** SUPPLIED MATERIAL follows **

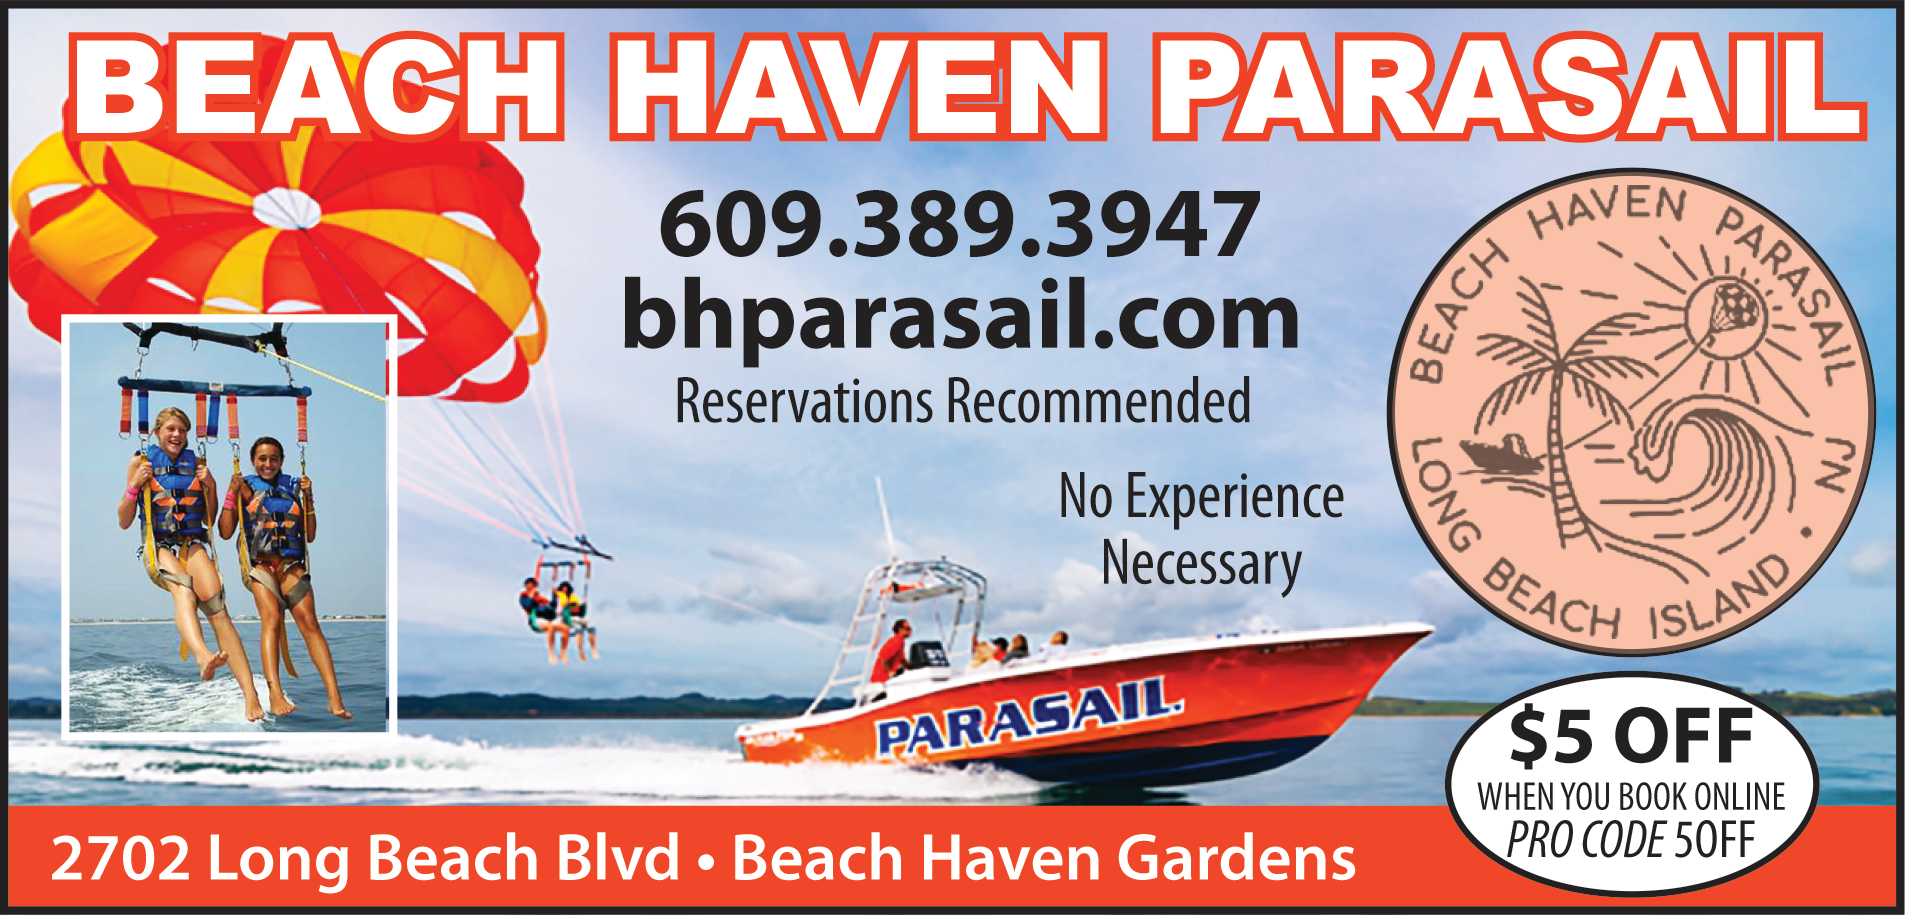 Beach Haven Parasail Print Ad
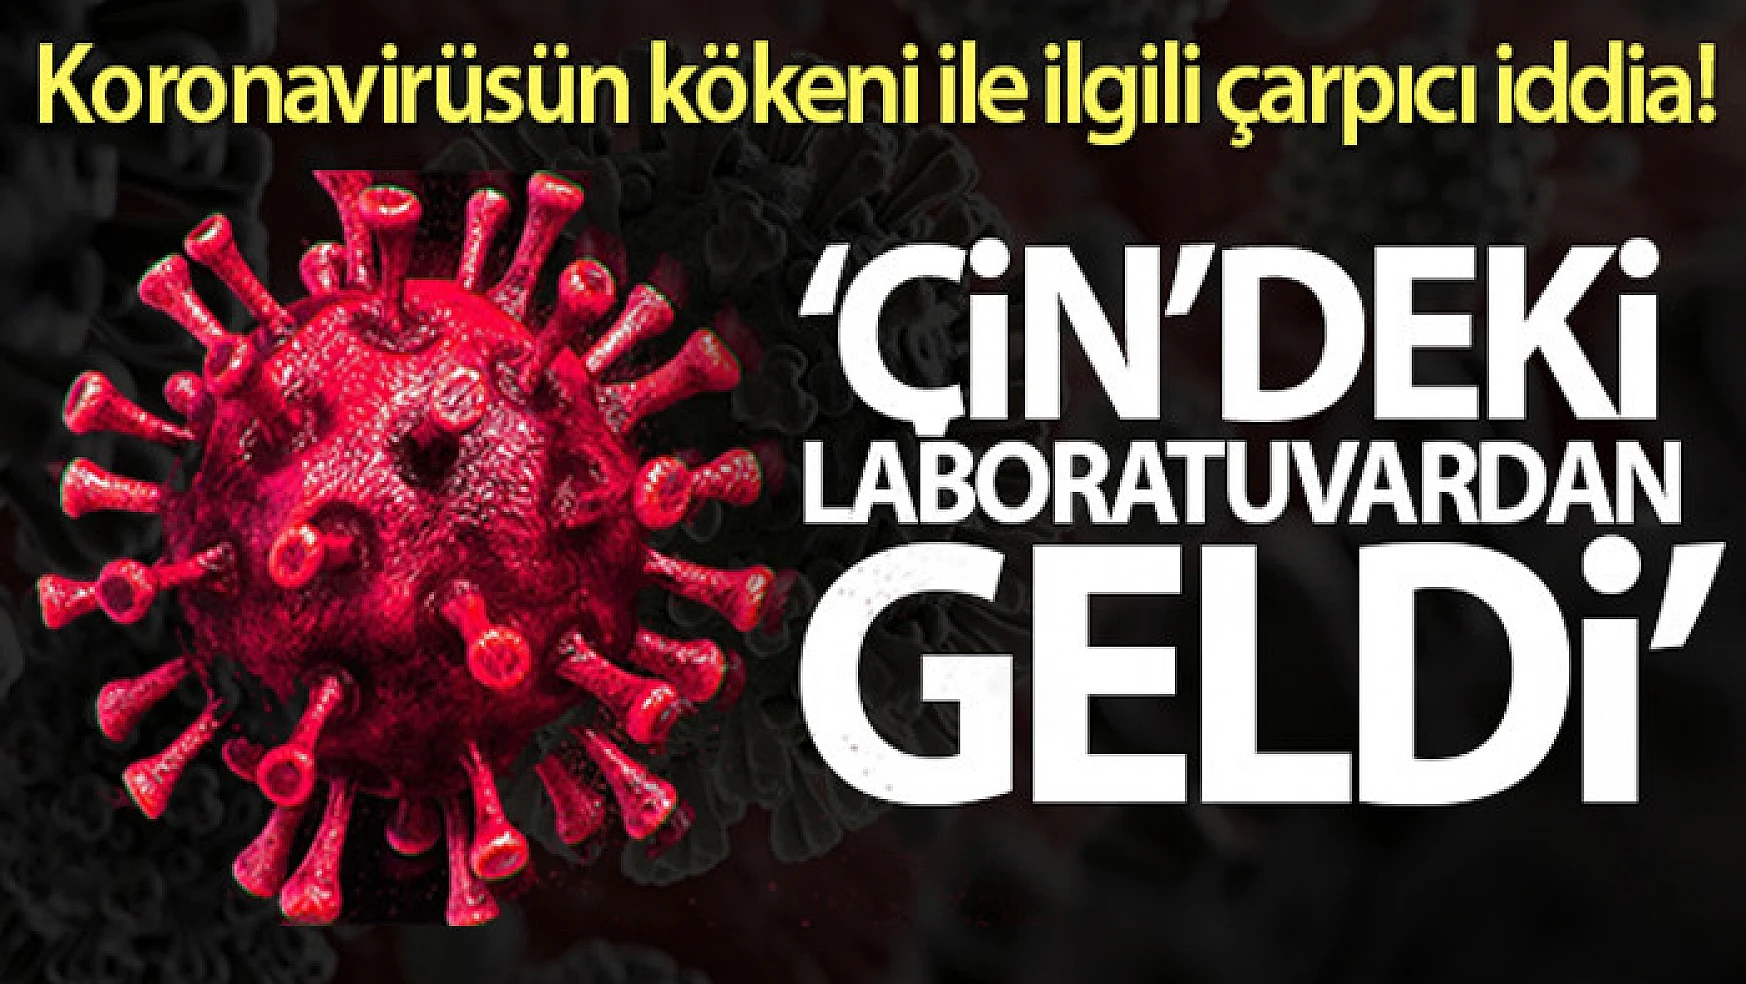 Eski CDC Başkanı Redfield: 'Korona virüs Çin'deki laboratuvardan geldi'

** End of SUPPLIED MATERIAL **
** SUPPLIED MATERIAL follows **

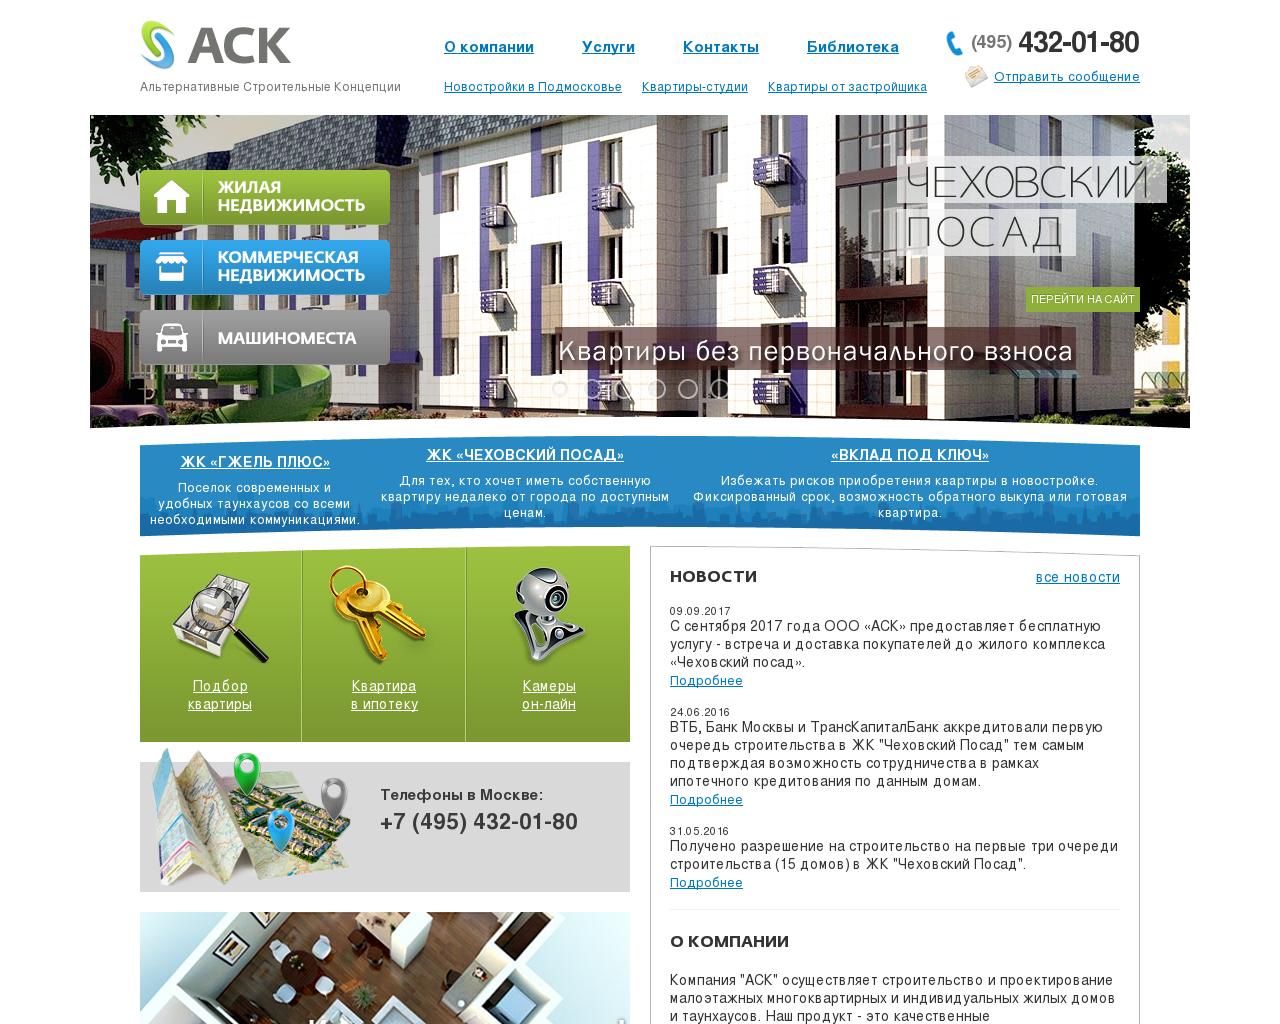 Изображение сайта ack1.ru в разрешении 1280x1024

** End of SUPPLIED MATERIAL **

Nothing but the lines from the one containing "Beach Haven Parasail Print Ad" through the one containing "Eski CDC Başkanı" should appear, copied exactly from the material above and without pictures.

 Beach Haven Parasail Print Ad
 Eski CDC Başkanı Redfield: 'Korona virüs Çin'deki laboratuvardan geldi'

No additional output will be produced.